Until recently, Deng served as director of the Missouri Water Resources Research Center. Earlier this year, the center merged with the Center for Watershed Management and Water Quality to form the Missouri Water Center. Deng now co-directs that interdisciplinary center alongside Damon Hall, assistant professor of biological engineering with a joint appointment in the School of Natural Resources.

An eye on the future

When he’s not finding ways to keep toxins at bay, Deng is ensuring future generations are prepared to continue the work.

In the classroom, he uses real-world examples to highlight the importance of the curriculum. At the Missouri Water Center, he and collaborators are focused on training a new generation of water experts to tackle complicated water management issues.

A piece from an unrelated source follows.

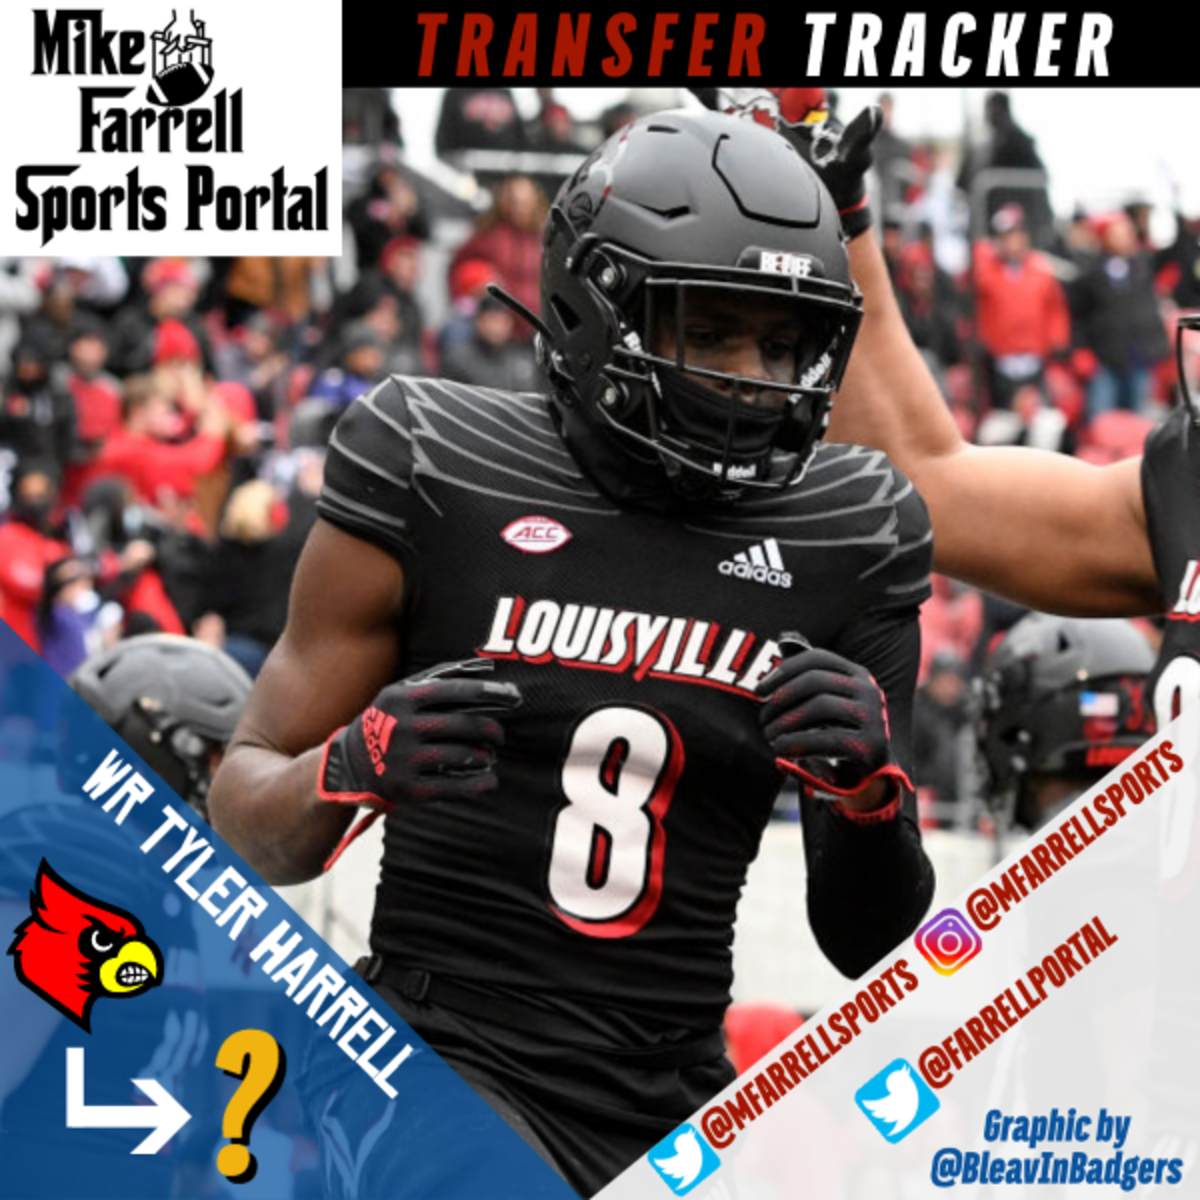 Transfer Tracker Insta - Tyler Harrell 3
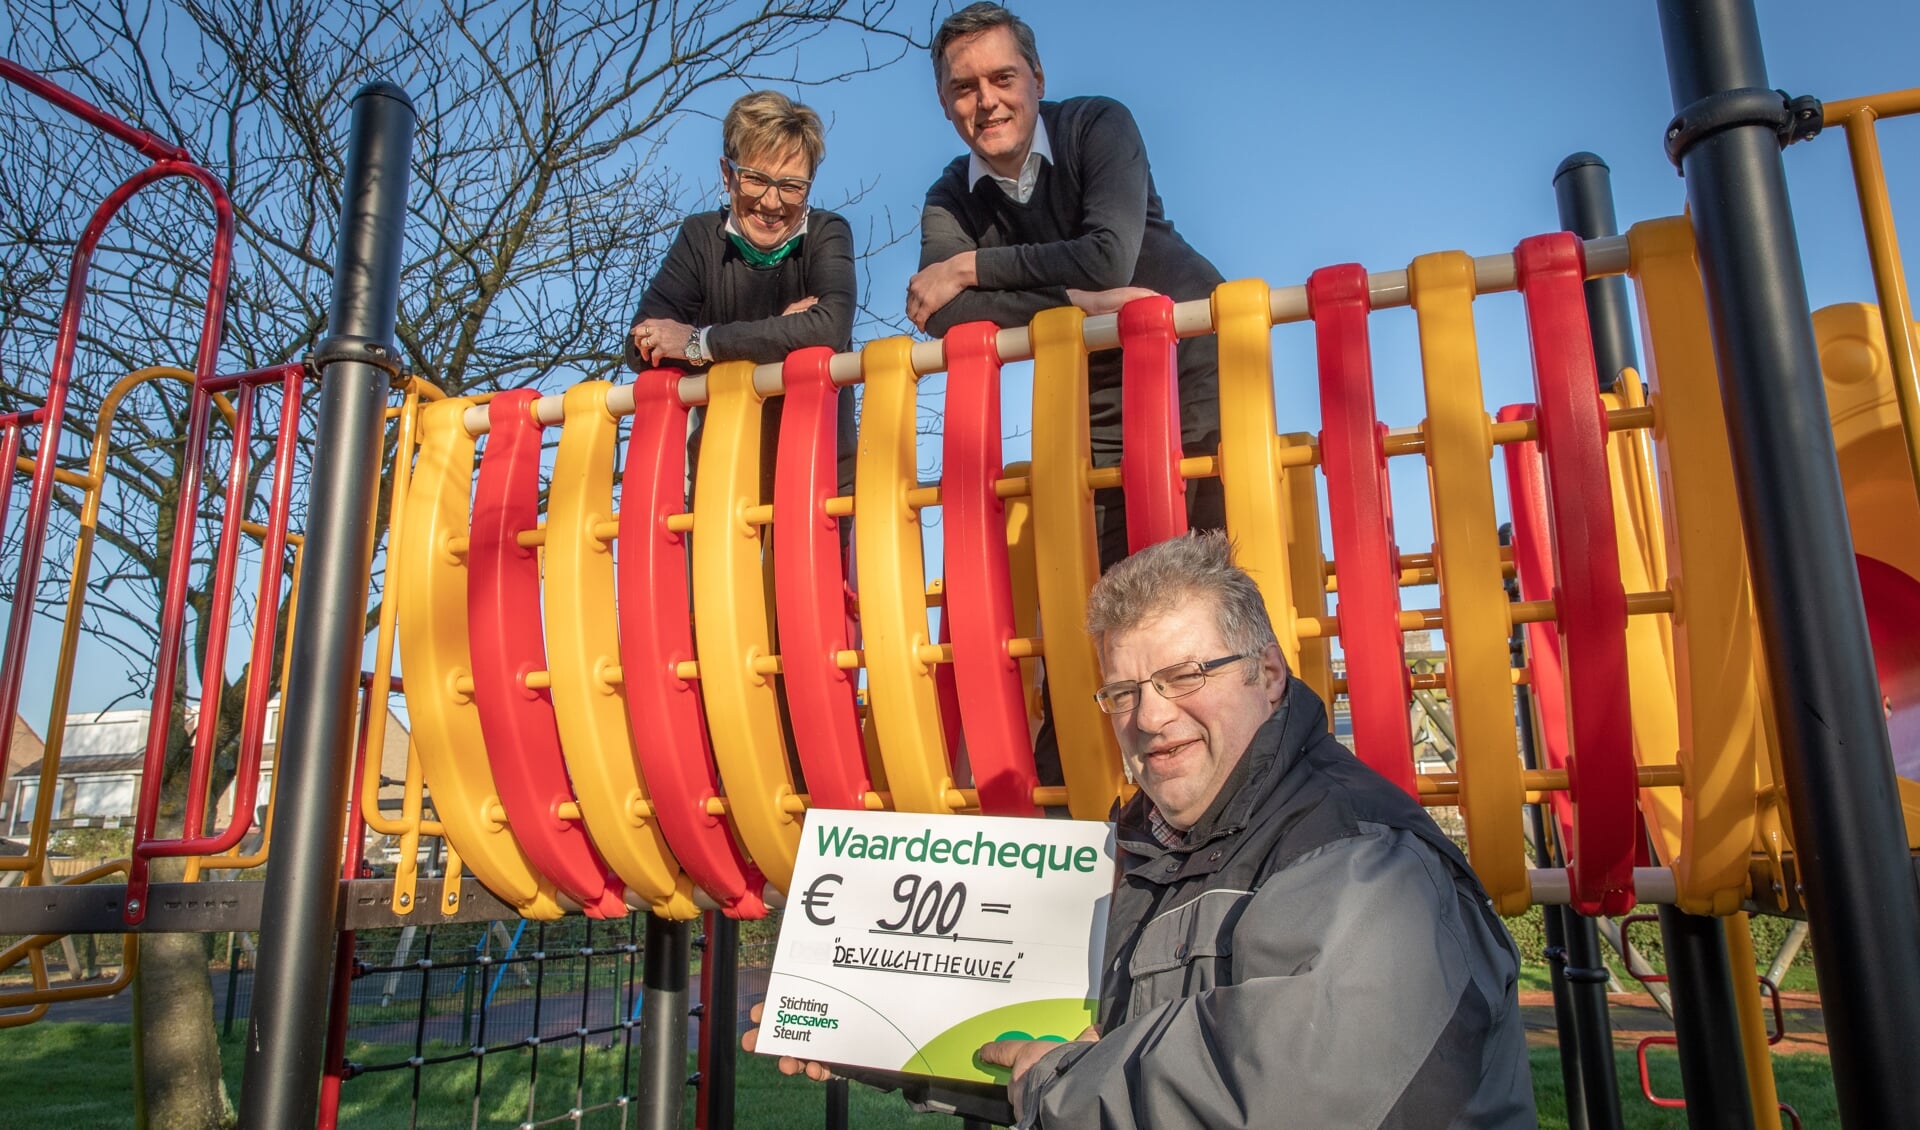 Stichting Specsavers Steunt steunt speeltuin 'de vluchtheuvel' uit Nieuwdorp met een waardecheque; bestuurslid Sam van Gurp neemt de cheque in ontvangst van Diana van Bavel en Wouter de Groot

Deng has also helped secure support for chemical engineering, a field important to addressing environmental issues. He served as Chair of the chemical engineering department at Mizzou from 2009 to 2015, during which time he established the Chemical Engineering Academy of Distinguished Alumni. This group of distinguished alumni remains active today with one member, Jerry Jost, recently donating $2 million to endow a professorship in chemical engineering.

It will take interdisciplinary collaboration to continue to address environmental problems, Deng said.

“We’re not talking about a narrow field,” he said. “You need that background in chemistry and biology, as well as engineering fundamentals. We have to use many different disciplines and concepts and put those together as a system to address the complex issues and major challenges we’re facing.”

Deng said he tries to help students see those connections and understand how the pieces must work together to ultimately improve the world.

After all, that’s what’s kept him focused on the mission he set for himself at a burial ground in China more than 30 years ago.

“I try to think about the impact on society and on people,” he said when asked what motivates him. “I think about the future, my daughter. Will their future be better than ours?”